Ed infine la dimensione dello spreco alimentare ha numeri veramente alti:
  • 1/3 della produzione mondiale non raggiunge i nostri stomaci
  • 1 miliardo e 600 milioni di tonnellate di alimenti viene gettato
  • l’80% è ancora buono.

    Oltre alle ripercussioni etiche, un cibo che non nutre nessuno è anche dannoso: l’acqua necessaria per produrre il cibo che si spreca a livello mondiale è di 250 miliardi di litri, si sprecano 1,4 miliardi di ettari di suolo (si sfrutta inutilmente ossia il 30% della superficie agricola), si immettono nell’atmosfera 3,3 miliardi di tonnellate di CO2, (la terza fonte di emissione dopo la Cina e gli USA). In Italia, lo spreco di cibo ha numeri altrettanto impressionanti: vale complessivamente 8,1 miliardi di euro l'anno, ovvero 6,5 euro settimanali a famiglia e 630 grammi di cibo buttati ogni settimana.
E poi ci sono gli imballaggi degli alimenti : ciascun italiano produce oltre 528 kg di rifiuti l’anno, per un costo medio di gestione di 186 euro per famiglia. Circa il 40% dei rifiuti è costituito da imballaggi. La maggior parte degli alimenti che acquistiamo per poter arrivare sullo scaffale del supermercato e poi nelle nostre case ha bisogno di essere impacchettato o confezionato.
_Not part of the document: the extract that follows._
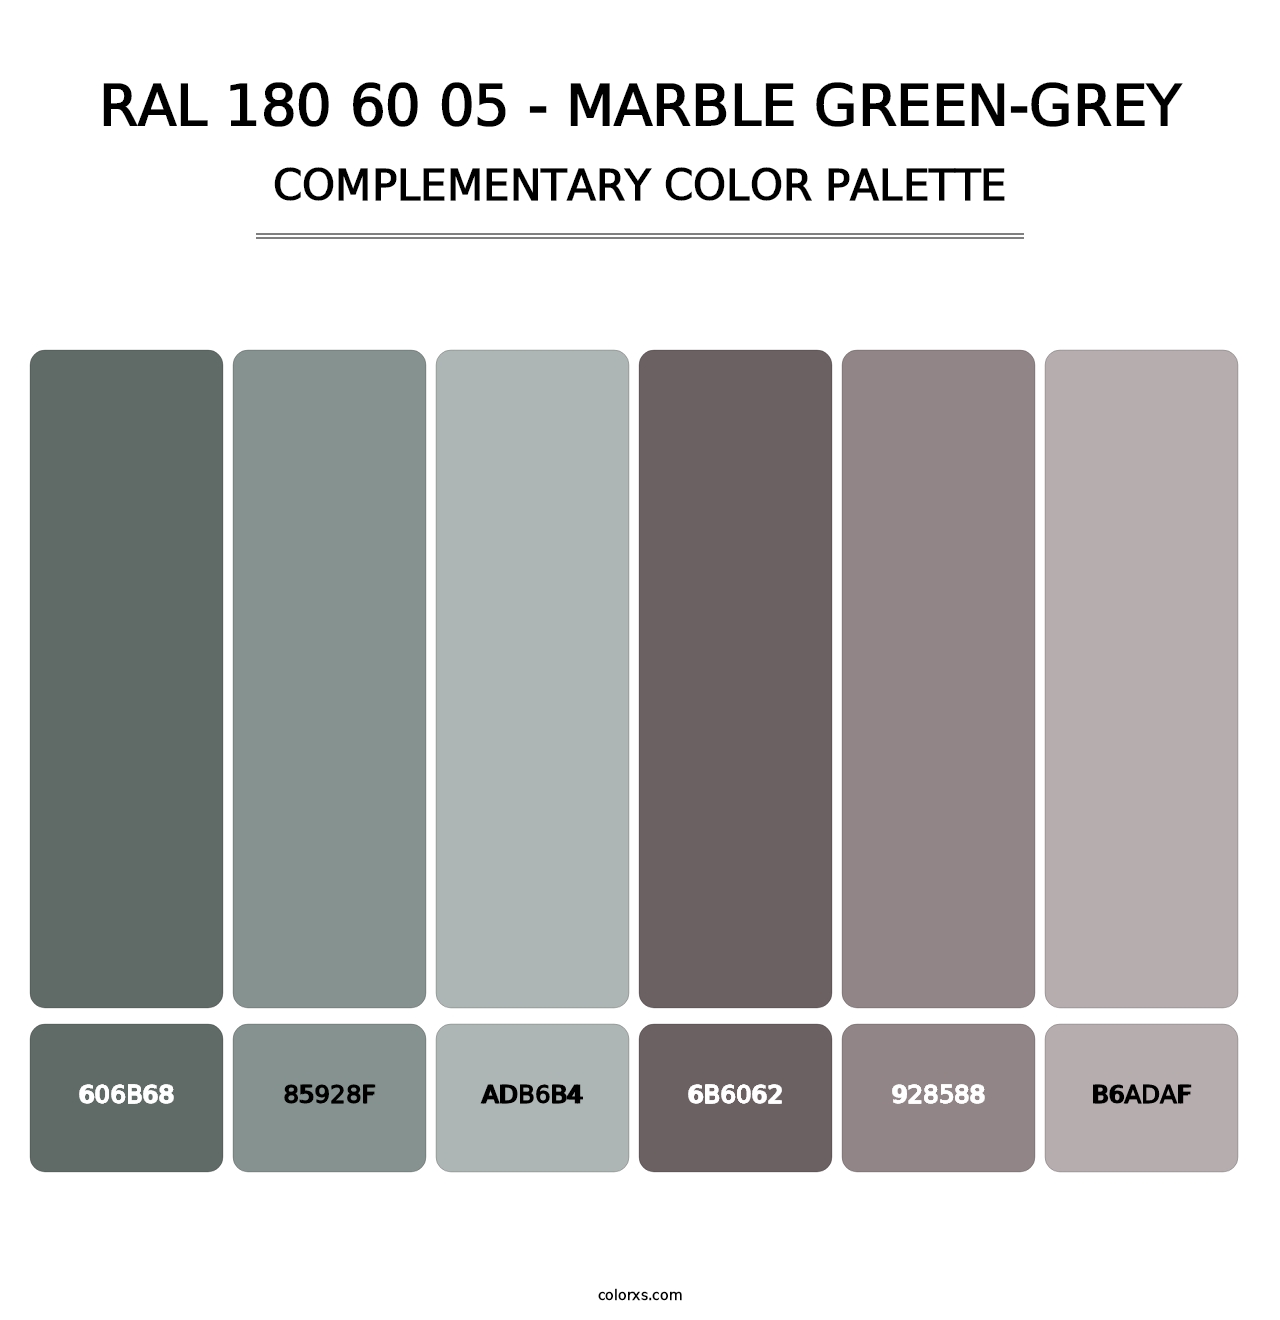 RAL 180 60 05 - Marble Green-Grey - Complementary Color Palette

Gli imballaggi però, una volta giunti nelle nostre case e conclusa la propria funzione di “protezione e trasporto”, si trasformano in rifiuti da smaltire. Il problema dei rifiuti si risolve anche limitando a monte la quantità di scarti che produciamo: come consumatori possiamo scegliere di acquistare merci con meno imballaggi, ricordando che questi rappresentano un costo a carico dell’ambiente in quanto richiedono risorse (energia, acqua, materie prime) per essere prodotti e hanno impatti sulle emissioni di gas serra, sulla biodiversità e salute umana. Inoltre gli imballaggi incidono notevolmente sul prezzo del prodotto finito. La soluzione sta nella scelta di prodotti sfusi e alla spina (in cui i consumatori si recano nei punti vendita muniti di un contenitore che poi riempiranno grazie al sistema dei dispenser) che puntano a ridurre rispettivamente i contenitori necessari o a permetterne il riutilizzo. Queste metodologie di vendita dovrebbero diventare pratica diffusa per la gran parte dei prodotti (frutta,verdura, detersivi, latte, pasta, acqua minerale e quant’altro) quanto prima. Per adesso quello che possiamo fare è acquistare il più possibile fresco magari iscrivendoci a dei gruppi di acquisto solidale.